Investors who wish to participate in auctions and purchase Treasury securities directly from the Federal Reserve Bank can open a Treasury Direct Account. There are no fees associated with the account unless it contains over $100,000, at which point a very small maintenance fee is incurred.
There are three types of securities issued by the U.S. Treasury. These are distinguished by the amount of time from the initial sale of the bond to maturity.
- Treasury bonds: These securities have the longest maturity of any bond issued by the U.S. Treasury, from 10 to 30 years. The 30-year bond is also called the “long bond.” Denominations range from $1000 to $1 million. T-bonds pay interest every 6 months at a fixed coupon rate.
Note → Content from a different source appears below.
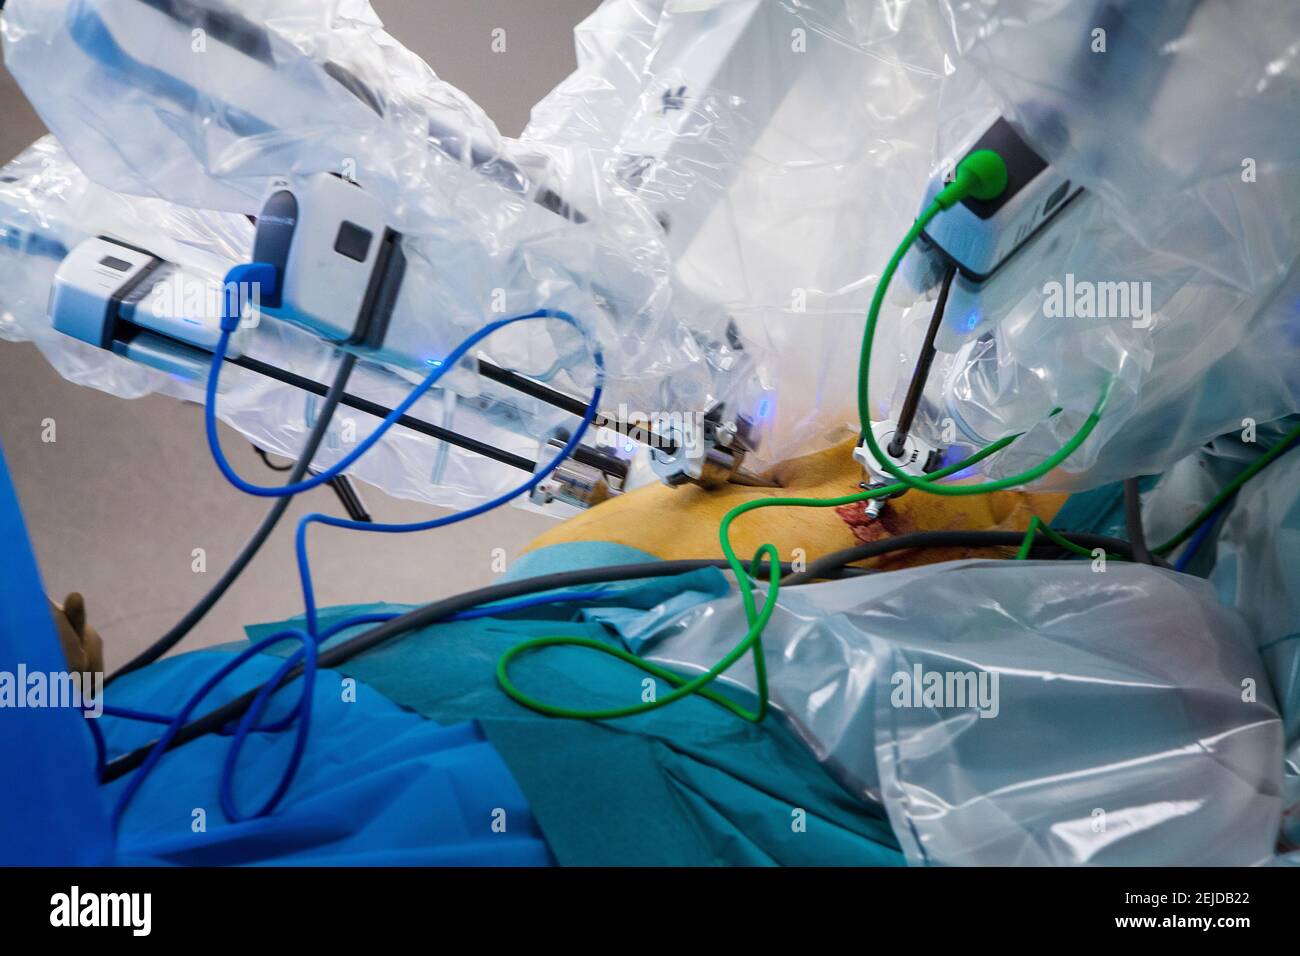 Dans la salle d'opération, une hystérectomie avec un robot chirurgical. Banque D'Images

As mentioned above, these bonds are not callable, but some older T-Bonds available on the secondary market are callable within five years of the maturity date.
- Treasury notes: T-notes have maturities between 1 and 10 years. Denominations range from $1000 to $5000 and are determined by the amount of time to maturity. Like T-bonds, these securities pay interest semi-annually at a fixed coupon rate.
- Treasury Bills: T-bills are available with maturities of 13 weeks, 26 weeks and 52 weeks. They are purchased at a discount to their $10,000 face value, and the full amount is received at maturity (making them zero-coupon). The bills are sold at auction where the price of sale is determined by how much the bill is worth on the date of issue, which depends mainly on interest rates.